Parent Volunteers
I welcome parent volunteers in my classroom. I so appreciate the extra pair of hands–whether it is to monitor students while I teach a guided reading group or to hang a bulletin board, the help is invaluable to me. Plus I think it is a great form of PR. When parents see firsthand how I am trying to meet individual needs and create a safe, happy environment for my students, they will likely share their positive experience with others and will be more cooperative if I come to them with a concern about their child.
Managing parent volunteers can be a small job in itself, however, and requires some pre-planning and organization. I have found that some parents prefer to help with some tasks and not others and that frankly, some parents are better at certain tasks than others. I will never forget the honest parent who approached me one day and told me that she should probably not volunteer as a spelling workshop helper anymore because spelling just wasn’t her strength.
To help assess the availability and task preferences of my students’ parents, I send home a parent volunteer form the first week of school.
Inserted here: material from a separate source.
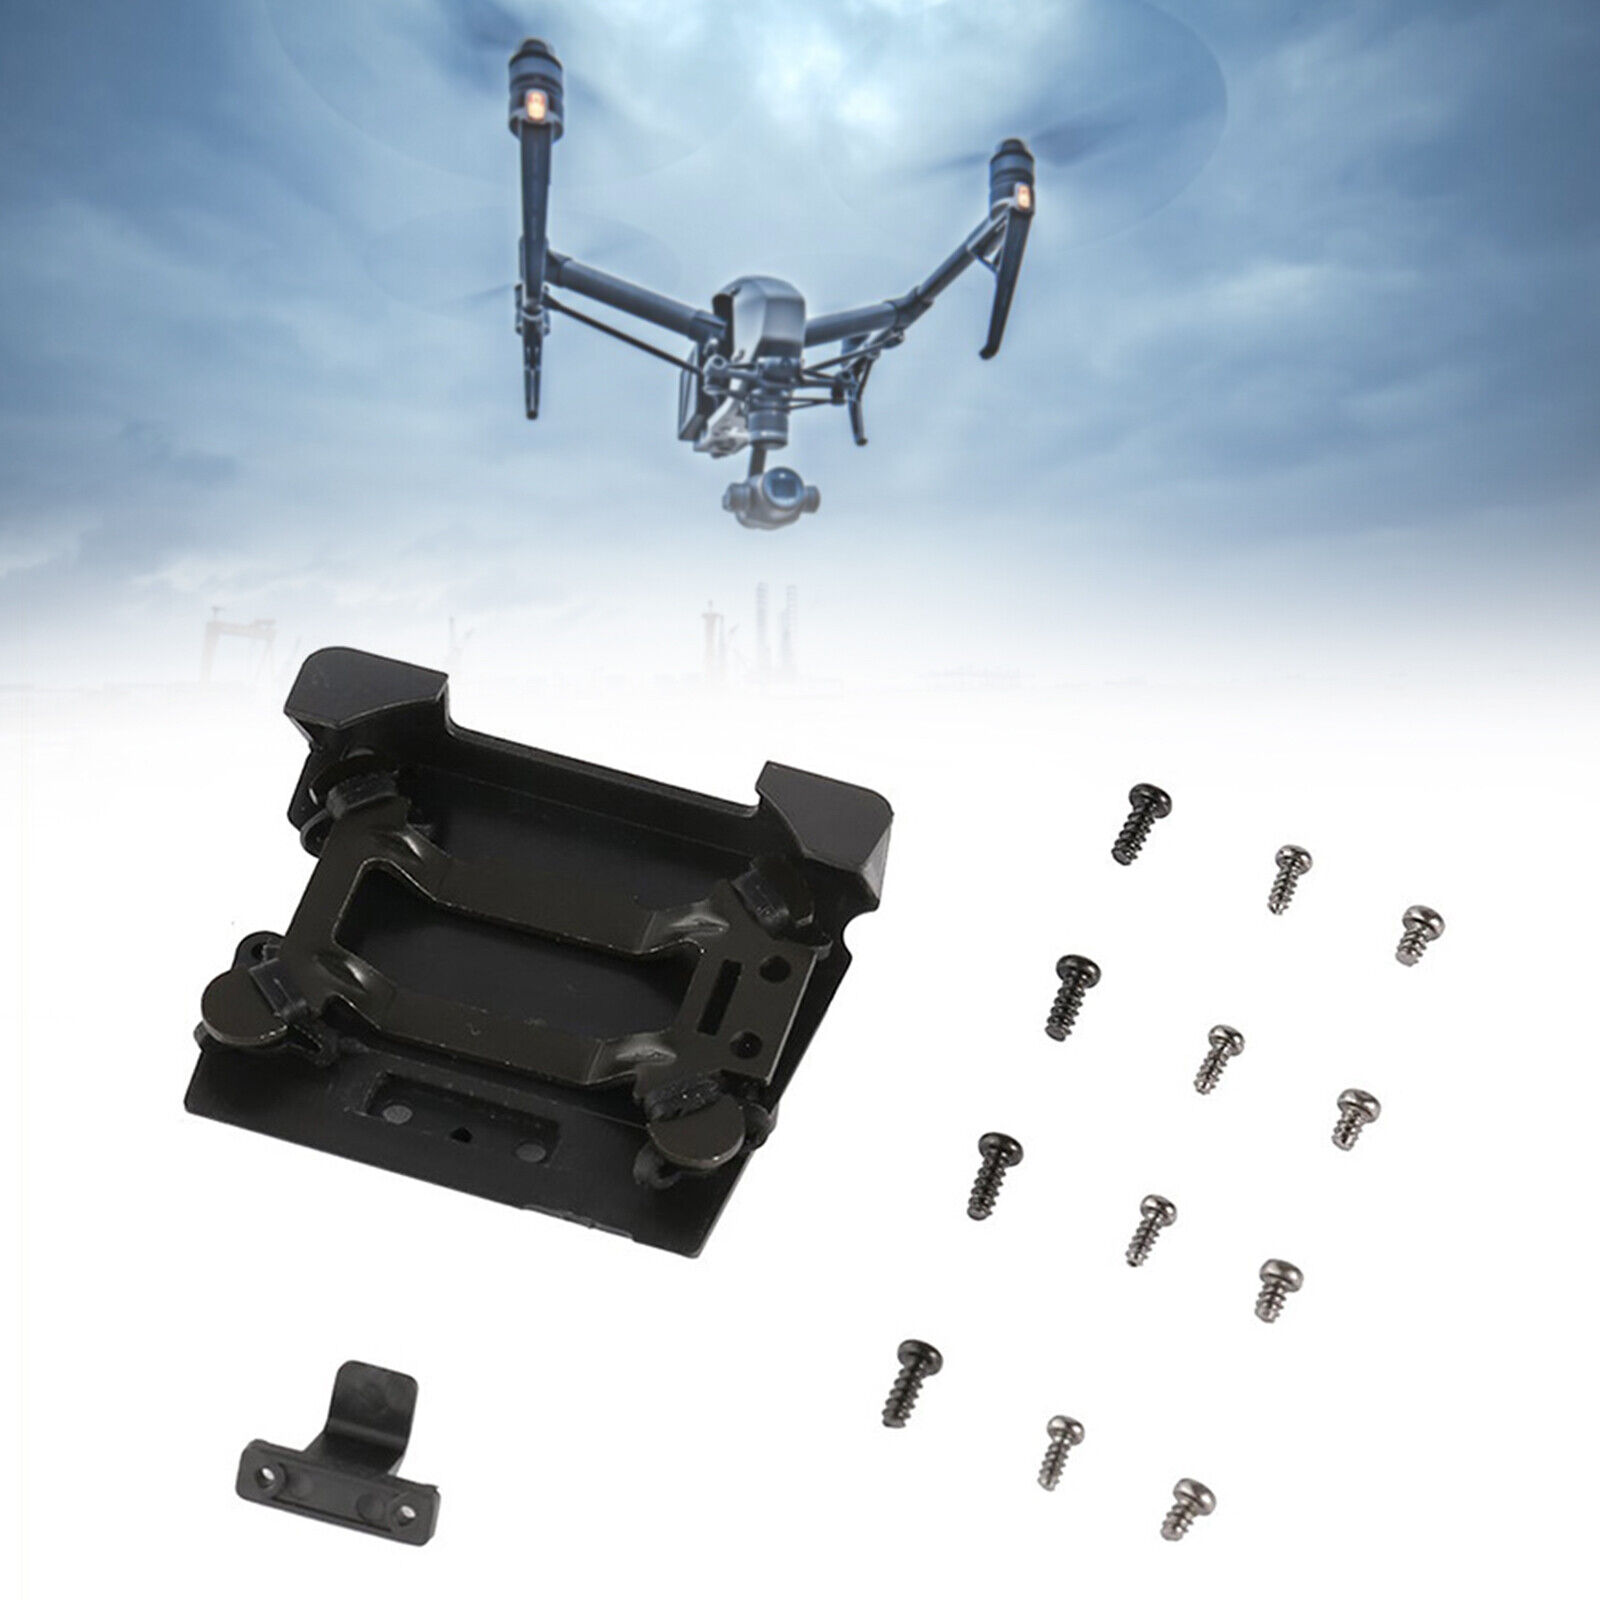 Gimbal Vibration Absorbing Board Mount For DJI Mavic Pro RC Camera Drone Part UK
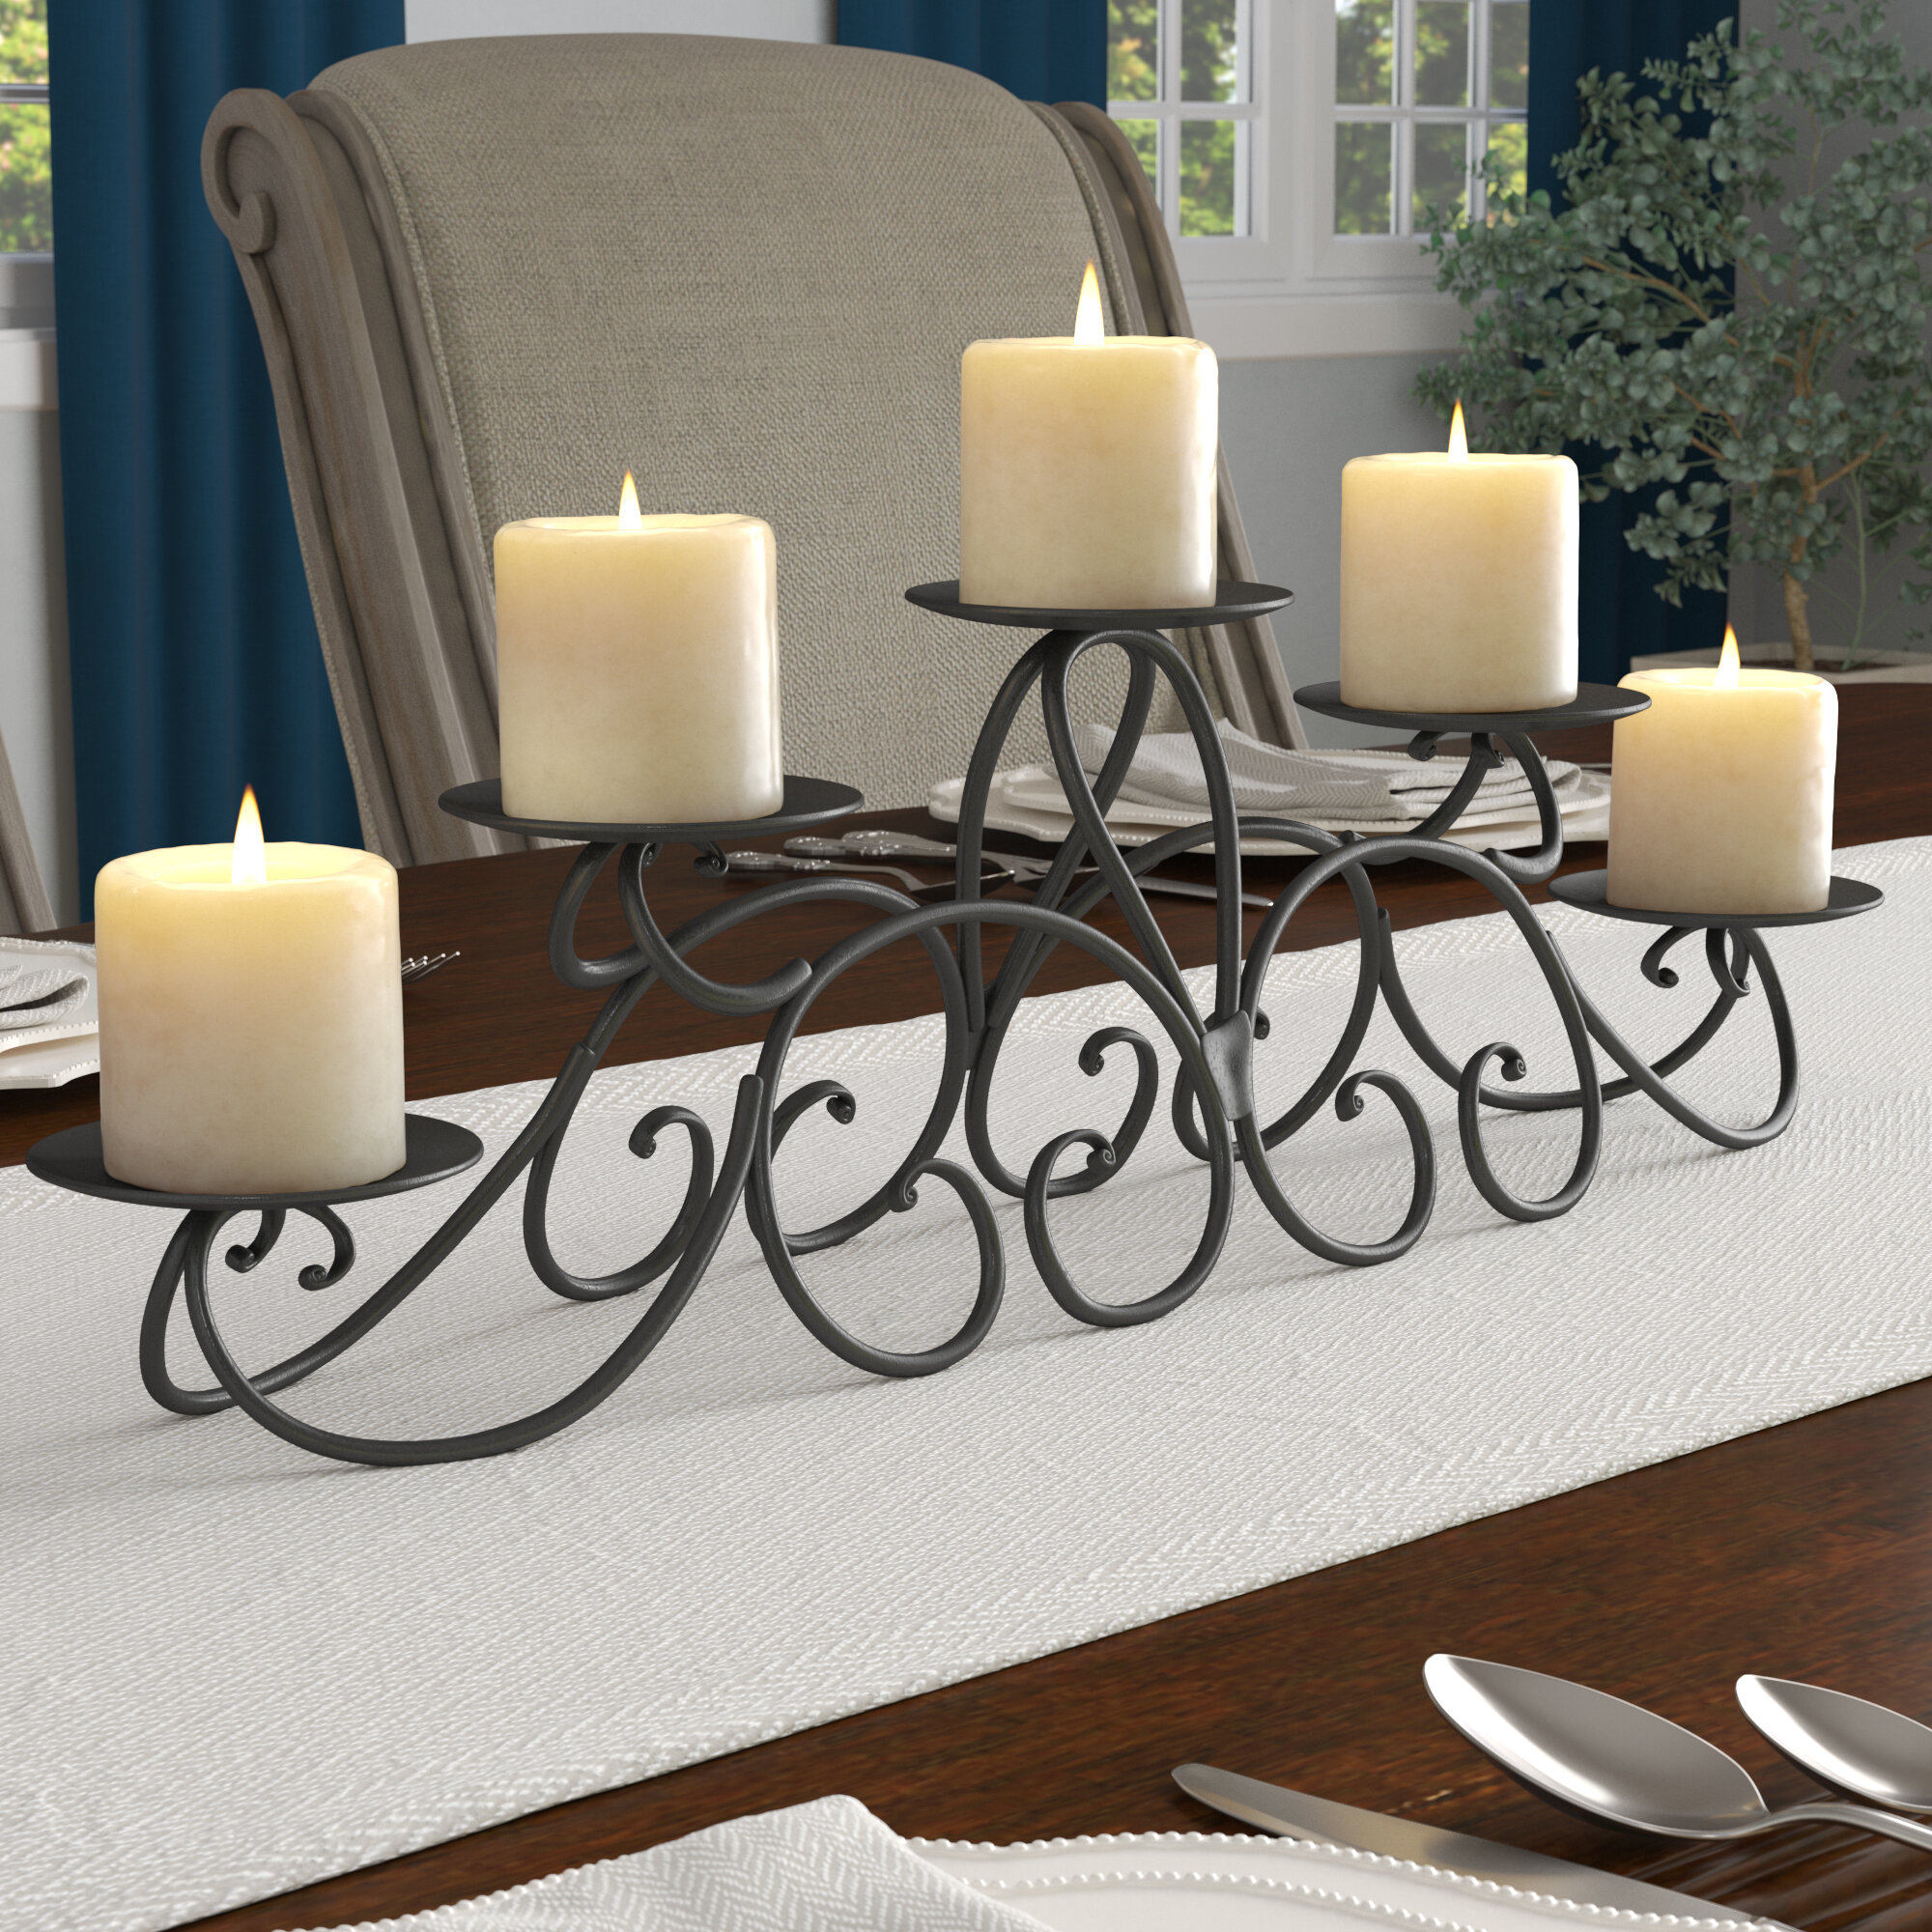 Woodeze Home Indoor Centerpiece Wedding Decorative Gift Gothic Style Fireplace Candelabra

Once I have received the completed forms, I make out a monthly schedule of times and duties. For parents who prefer to do clerical tasks rather than work directly with students, I prepare a volunteer basket. When I write lesson plans and find that I need copies to be run, games to be made, paper to be cut, etc., etc., I place a master copy or sample in the basket with directions and “date needed by” on a sticky note. When the parent volunteers come to the classroom, they don’t have to interrupt my teaching—they just go to the volunteer basket and select a job they would like to complete. Other parents are assigned specific weekly jobs such as spelling workshop assistant, guided reading helper, listen to oral reading, etc.